The synthetic method of furazan NO donors is illustrated in Scheme 2. The key intermediate 11 was prepared according to reported methods8. The substituted furoxan derivatives 14a–b and 15a–b were synthesised in a two-step sequence.
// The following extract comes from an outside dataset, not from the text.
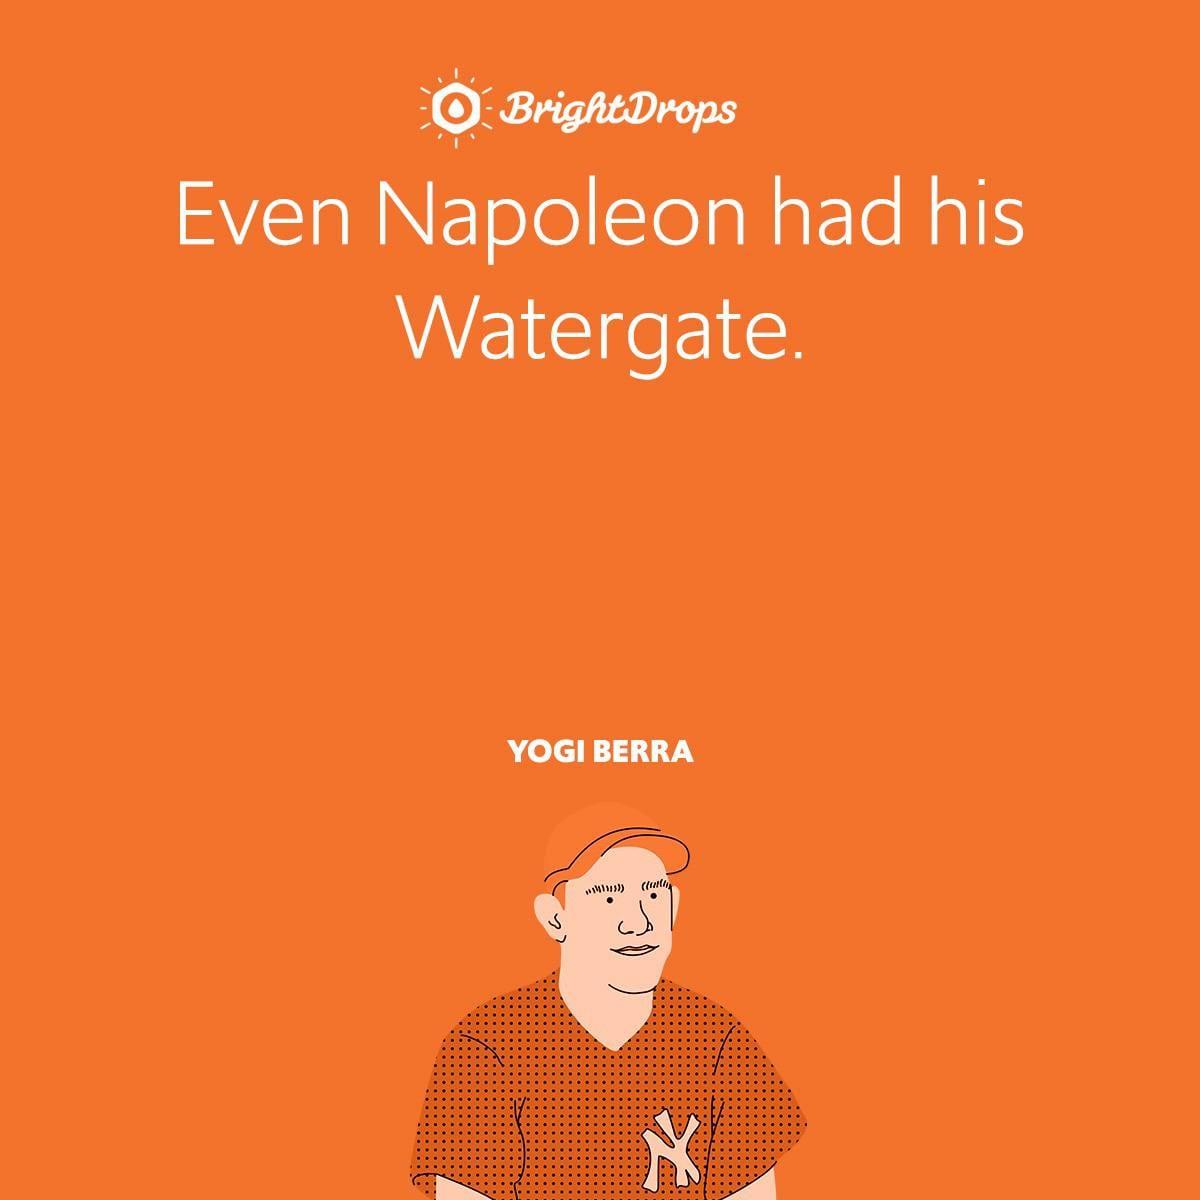 Even Napoleon had his Watergate.

Compounds 12 and 13 were prepared via hydroxylation of the starting material 11 with the corresponding disubstituted alcohols in THF. Then, compounds 12 and 13 were converted to key intermediates 14a–b or 15a–b by treatment with corresponding anhydrides in the presence of DMAP.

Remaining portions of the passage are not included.